Since 1978, college tuition and fees have increased by a whopping 1,120%. During that same period, the price of food has increased 244% and medical expenses 601%. In fact, tuition prices have gone up four times faster than the consumer price index, according to a report by Bloomberg.

Over the years, the rapidly increasing costs of an education have been blamed on a number of different factors like professors’ inflated salaries, construction booms on campus, students demanding luxury amenities, increased administrative costs, availability of student loans, state funding cuts and technological changes.

Whatever is causing these increases, one thing is certain – they’ve created big problems for both individual students and the economy at large. According to Edvisors, 70% of students borrow to go to college and they take on an average of $33,000 in student loans. These numbers mean that total student loan debt in the U.S. ballooned to $1.2 trillion, eclipsing the amount of credit card debt Americans hold. This trend is not slowing down, with an additional $110.3 billion borrowed in 2012-2013, according to the College Board.
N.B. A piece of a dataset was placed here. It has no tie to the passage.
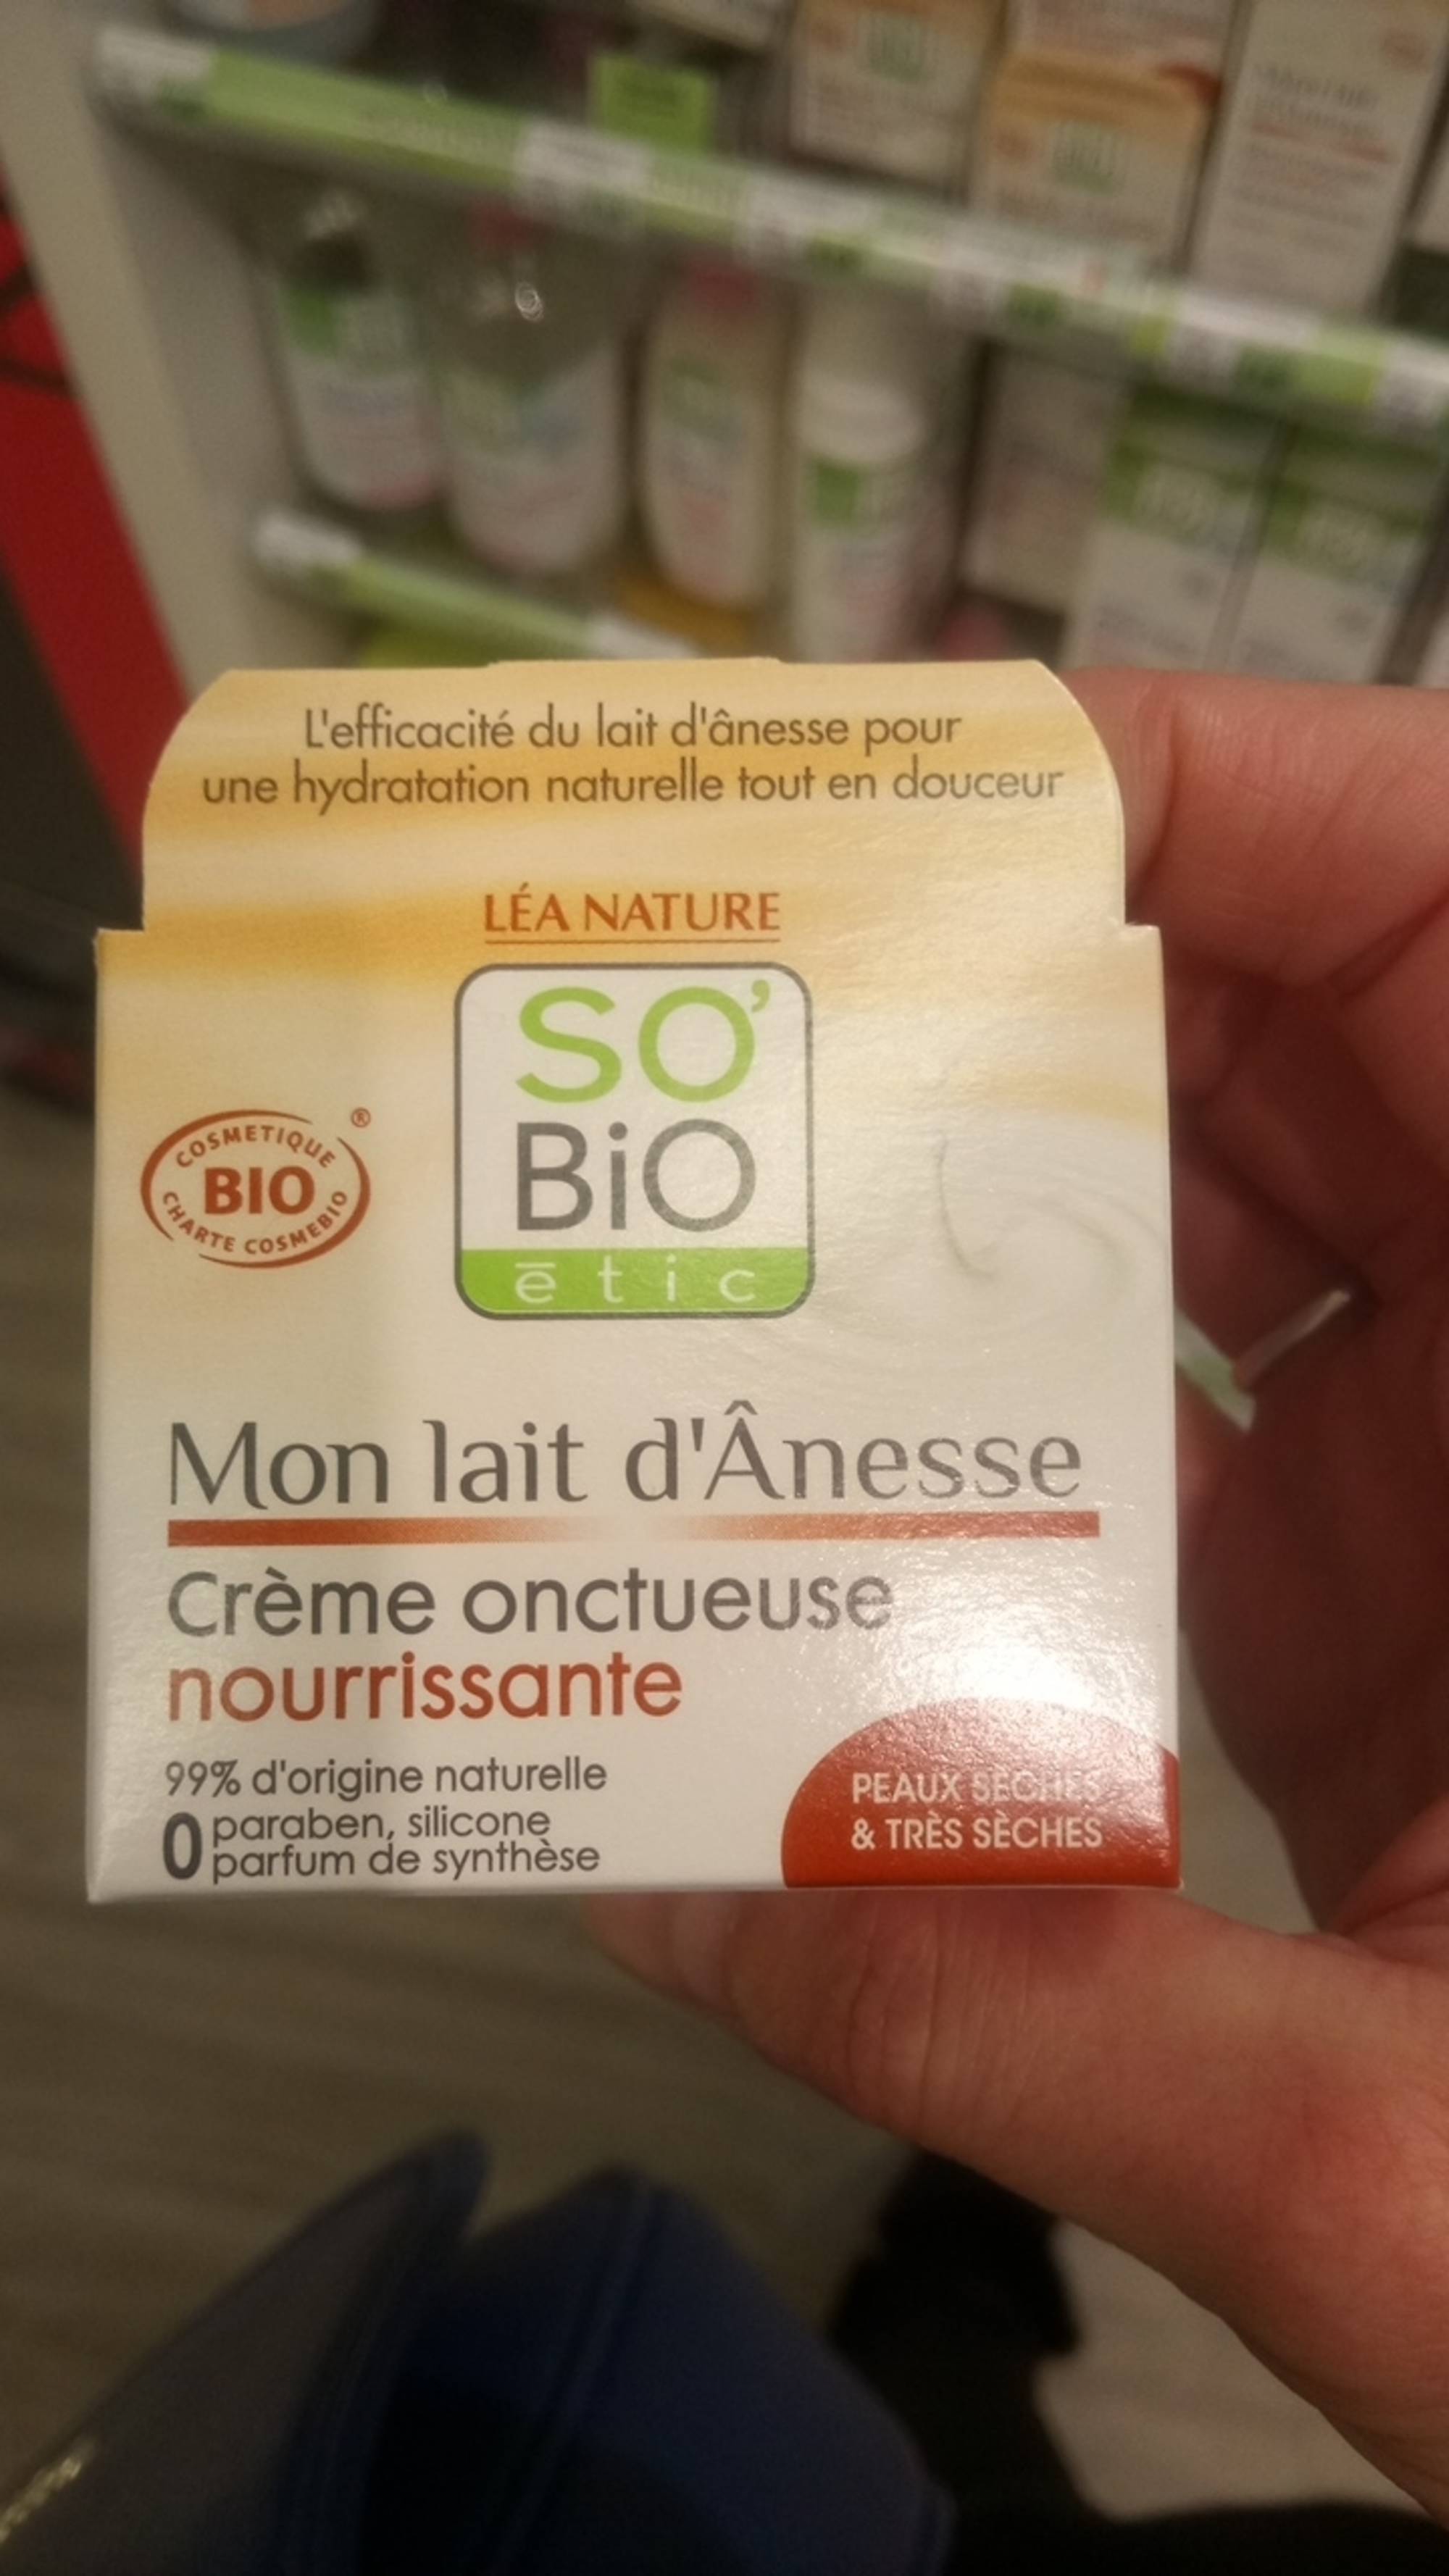 SO'BIO ÉTIC - Mon lait d'ânesse - Crème onctueuse nourrissante bio

These unprecedented levels of student loan debt have only been worsened by a lackluster economy. Around 50% of graduates with bachelor’s degrees under 25 are either unemployed or underemployed, according to the Associated Press. It doesn’t help that over the same period that saw rapid rises in tuition rates and tuition paid, incomes have stagnated. That means that a college education is increasingly unaffordable for most students and necessitates a continued increase in student loan debt.

That contributes to making it incredibly difficult for young people to begin paying back their loans. It’s not surprising that more than 30% of loans are currently in deferment, forbearance or default. For some, that makes things much worse with penalties and interest charges turning $10,000 or $20,000 student loans into $100,000 in debt. Due to a lack of financial education in high school, many students take out student loans without truly understanding how student loans work, which gets them into trouble later on.

Not Leaving the Nest

Household formation has hit a nearly 40-year low, the Pew Center for Research found, with many attributing student loan debt as the cause. Students graduating with debt and unable to pay it off are living longer at home with their parents and not striking out on their own. This, coupled with fewer Millennials buying homes means that the economic ripples of these two rites of passage have not made their way through the economy. With household formation estimated by Moody’s to be worth $145,000 once the purchases ripple through the economy, this is a significant amount of spending that has been lost. Furthermore, the inability of so many Millennials to start saving early for retirement means this student loan crisis has created a ticking time bomb that will greatly impact retirement security in the future.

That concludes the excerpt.